Intel also has AVX-512 masked 512-bit 8-bit-elt stores at half the throughput of unmasked for some reason (not 256-bit or ≥16-bit-elt though; presumably culprit being the mask having 64 elts): https://uops.info/table.html?search=movdqu8%20m512&cb_lat=on...

And masked loads use some execution ports on both Intel and AMD, eating away from throughput of the main operation. All in all just not implemented for being able to needlessly use masked loads/stores in hot loops.

▲

dragontamer 6 months ago | parent [-]

Gotcha. Makes sense. Thanks for the discussion!

Overall, I agree that AVX and Neon have their warts and performance issues. But they're like 15+ years old now and designed well before GPU Compute was possible.

> using gathers/scatters for those would be stupid and slow

This is where CPUs are really bad. GPUs will coalesce gather/scatters thanks to __shared__ memory (with human assistance of course).

But also the simplest of load/store patters are auto-detected and coalesced. So a GPU programmer doesn't have to worry about SIMD lane load/store (called vgather in AVX512) being slower. It's all optimized to hell and back.

Having a full lane-to-lane crossbar and supporting high performance memory access patterns needs to be a priority moving forward.

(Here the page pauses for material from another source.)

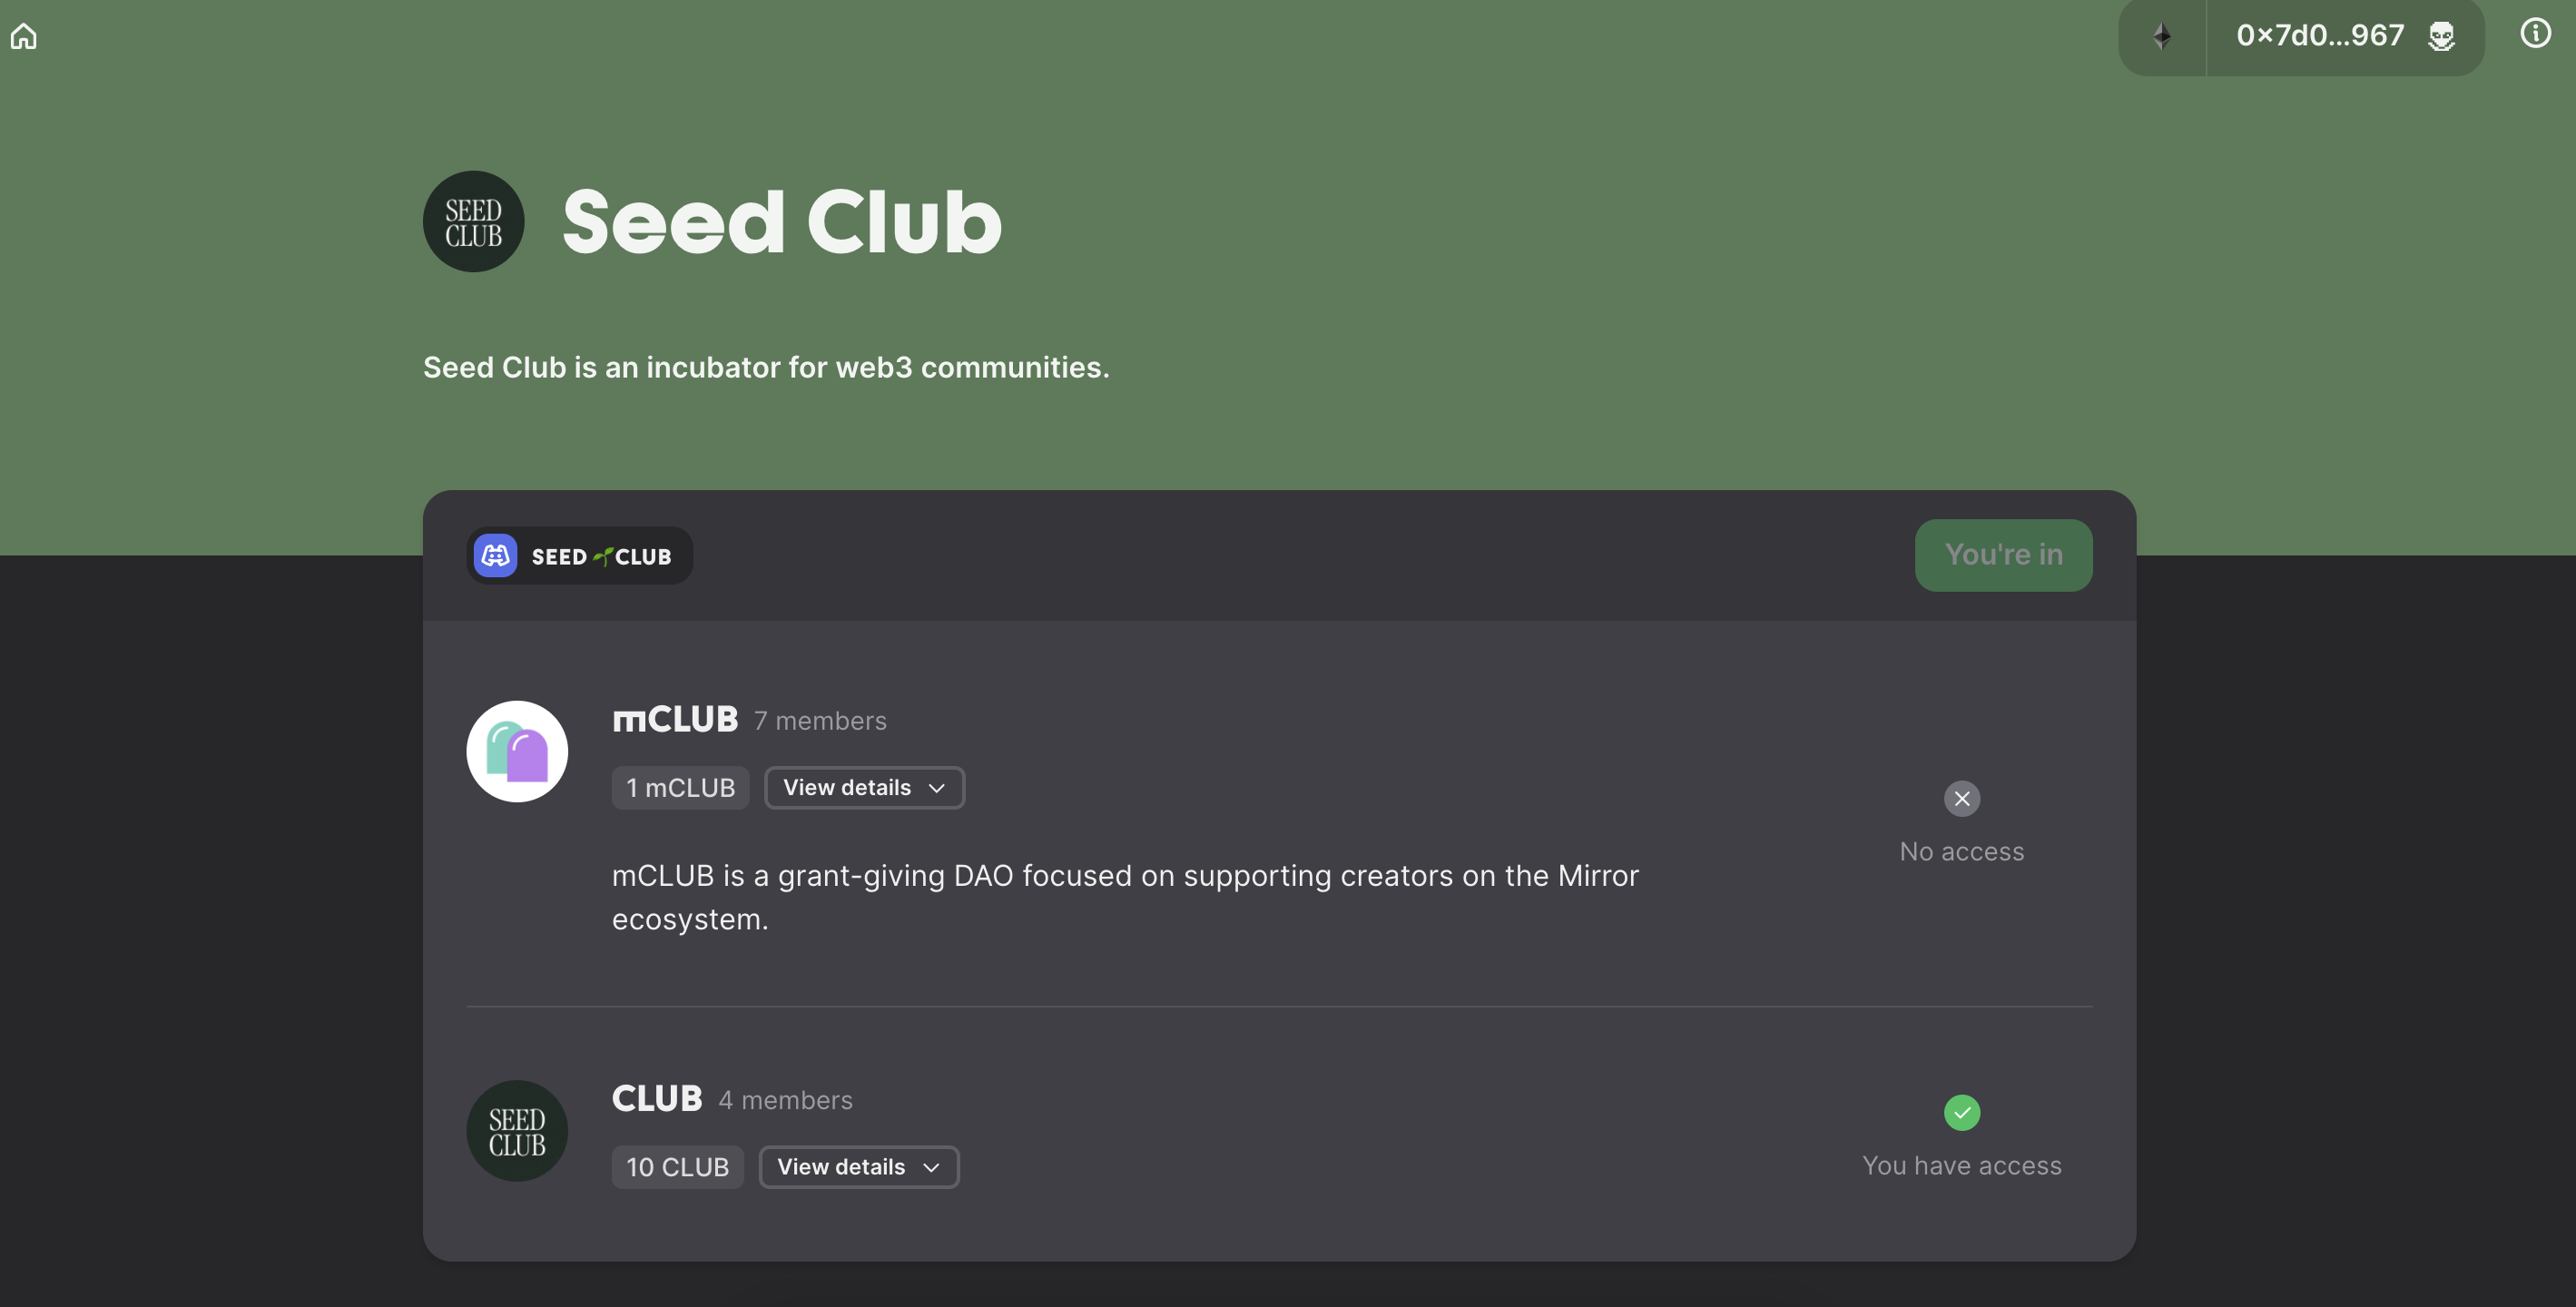 Seed Club - Discord Server for Web3, Venture-capital
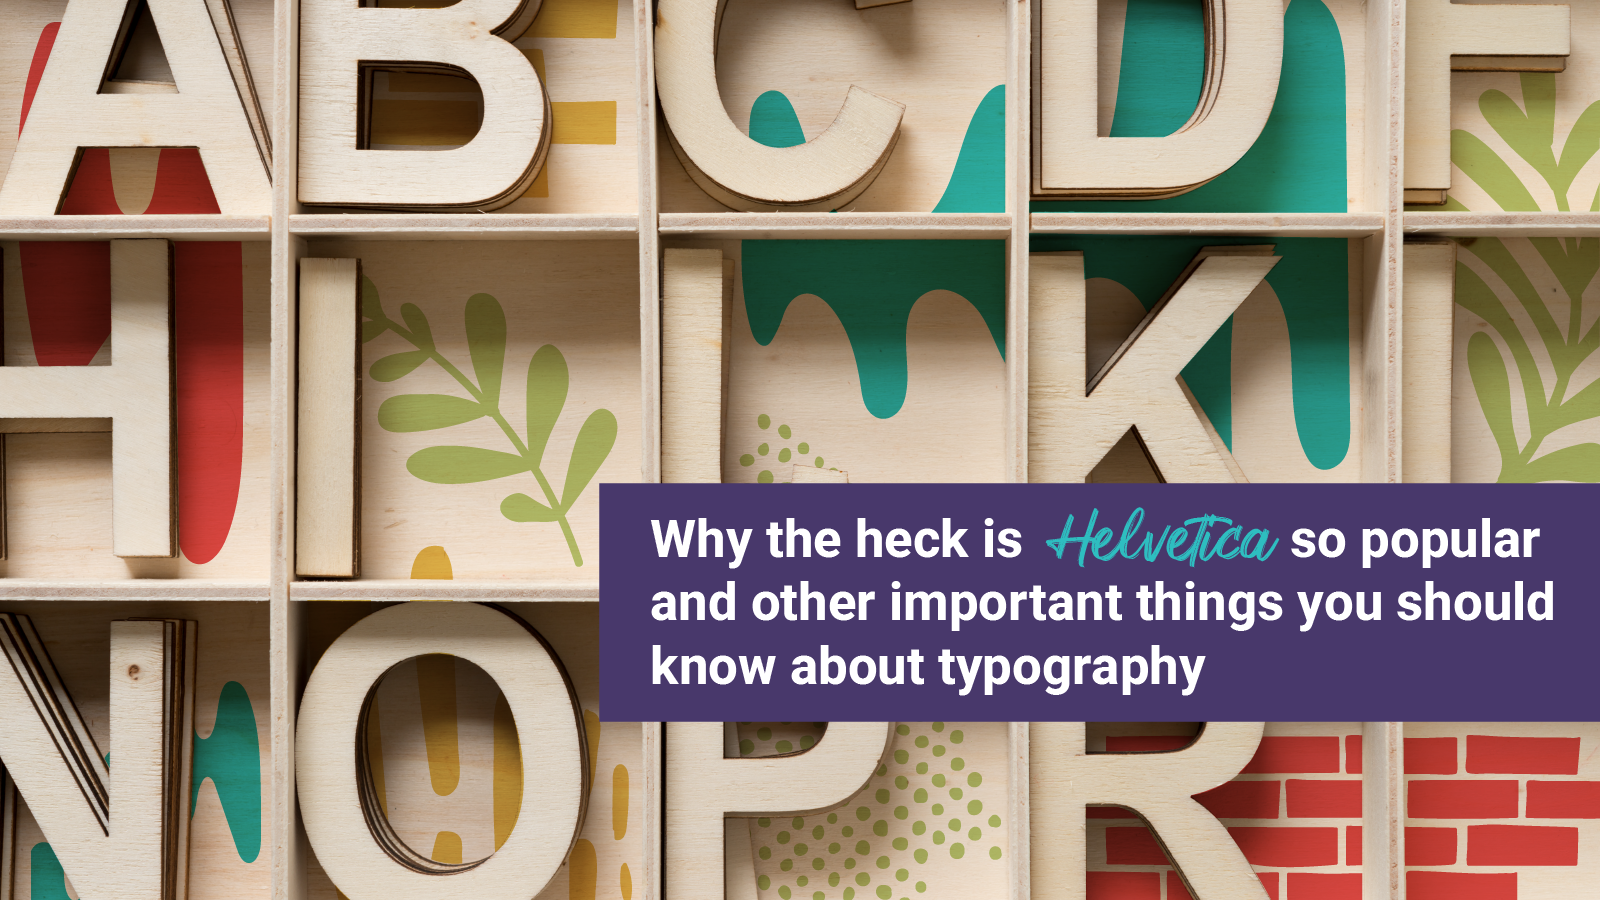 Why the heck is Helvetica so popular and other important things to know about typography"

	▲	dzaima 6 months ago \| parent [-]
		Thanks for the info on how things look on the GPU side! A messy thing with memory performance on CPUs is that either you share the same cache hardware between scalar and vector, thereby significantly limiting how much latency you can trade for throughput, or you have to add special vector L1 cache, which is a ton of mess and silicon area; never mind uses of SIMD that are latency-sensitive, e.g. SIMD hashmap probing, or small loops. I guess you don't necessarily need that for just detecting patterns in gather indices, but nothing's gonna get a gather of consecutive 8-bit elts via 64-bit indices to not perform much slower than a single contiguous load, and 8-bit elts are quite important on CPUs for strings & co.